__What to work on__: A full, word-for-word copy of the listing below is needed; leave the images out of it.

__Recorded data__:
——————

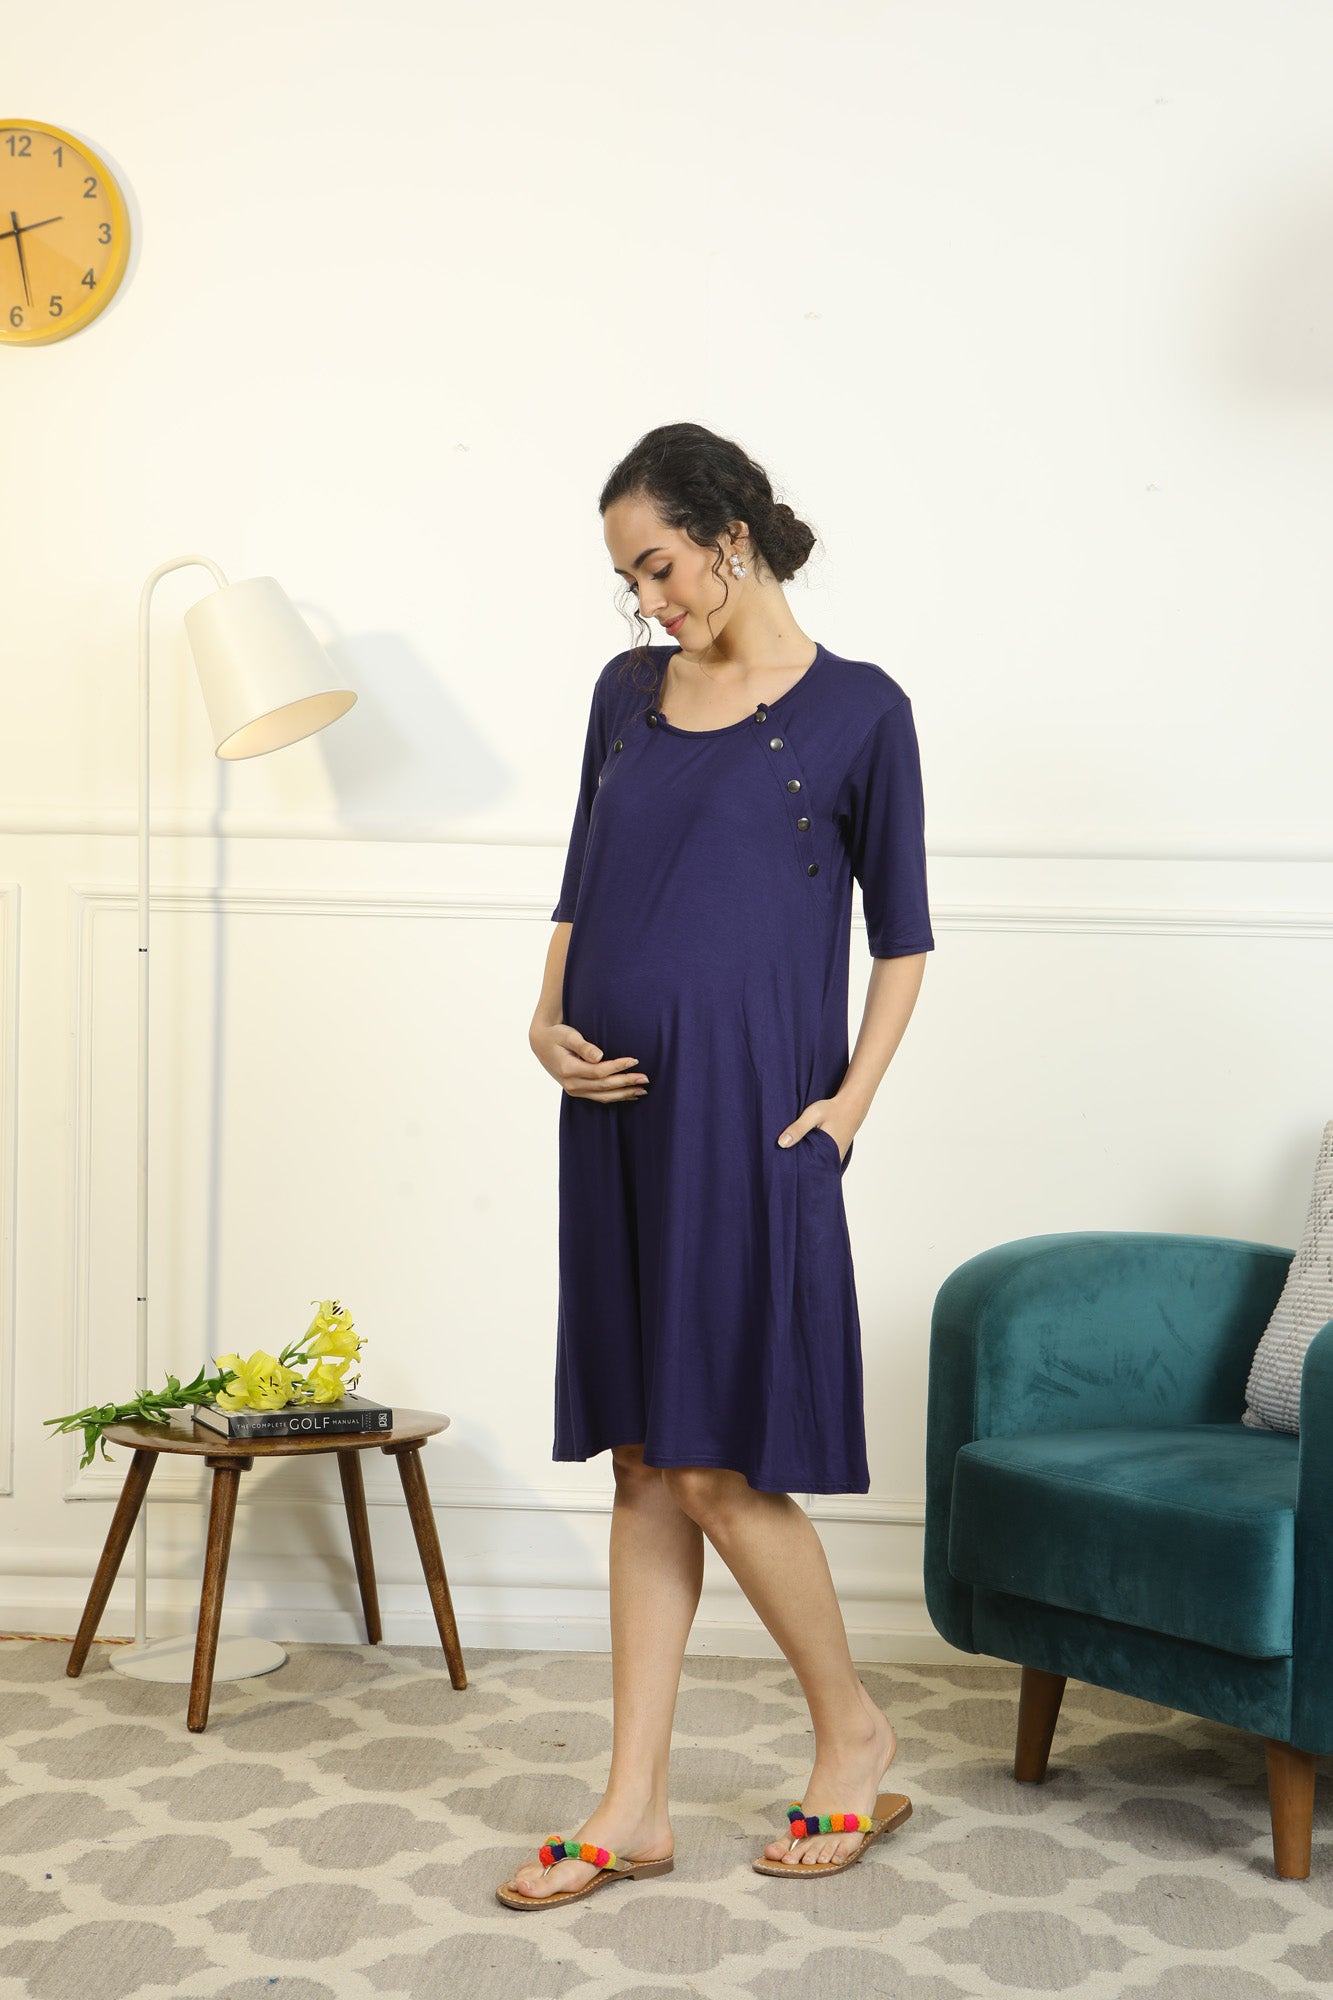 Nursing - Maternity: Clothing, Shoes & Accessories: Dresses, Tops & Tees,  Sleep & Lounge & More 
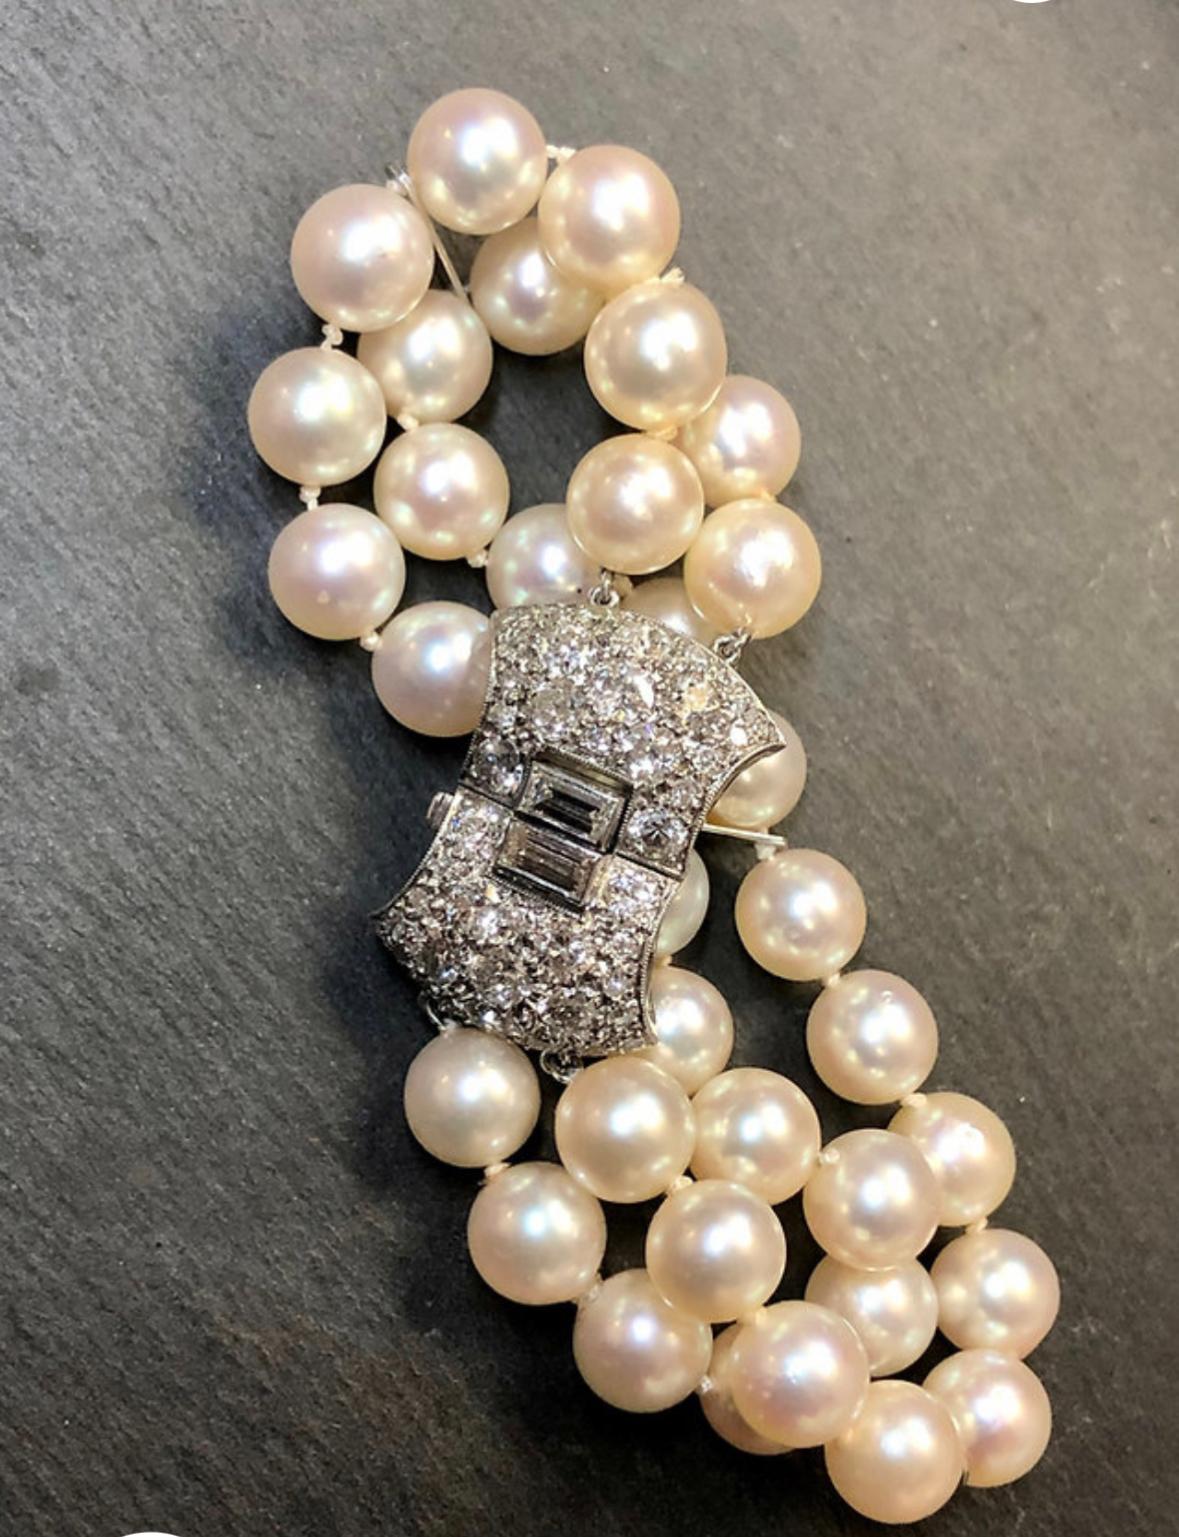 An original Art Deco period bracelet done in platinum and set with approximately 2.60cttw in H-J color Vs1-Si2 clarity old European cut diamonds attached to a double strand of 7mm cultured pearls with platinum separators.

Dimensions/Weight
6.50”

——————

__Task output__:
 Nursing - Maternity: Clothing, Shoes & Accessories: Dresses, Tops & Tees,  Sleep & Lounge & More 
 An original Art Deco period bracelet done in platinum and set with approximately 2.60cttw in H-J color Vs1-Si2 clarity old European cut diamonds attached to a double strand of 7mm cultured pearls with platinum separators.

Dimensions/Weight
6.50”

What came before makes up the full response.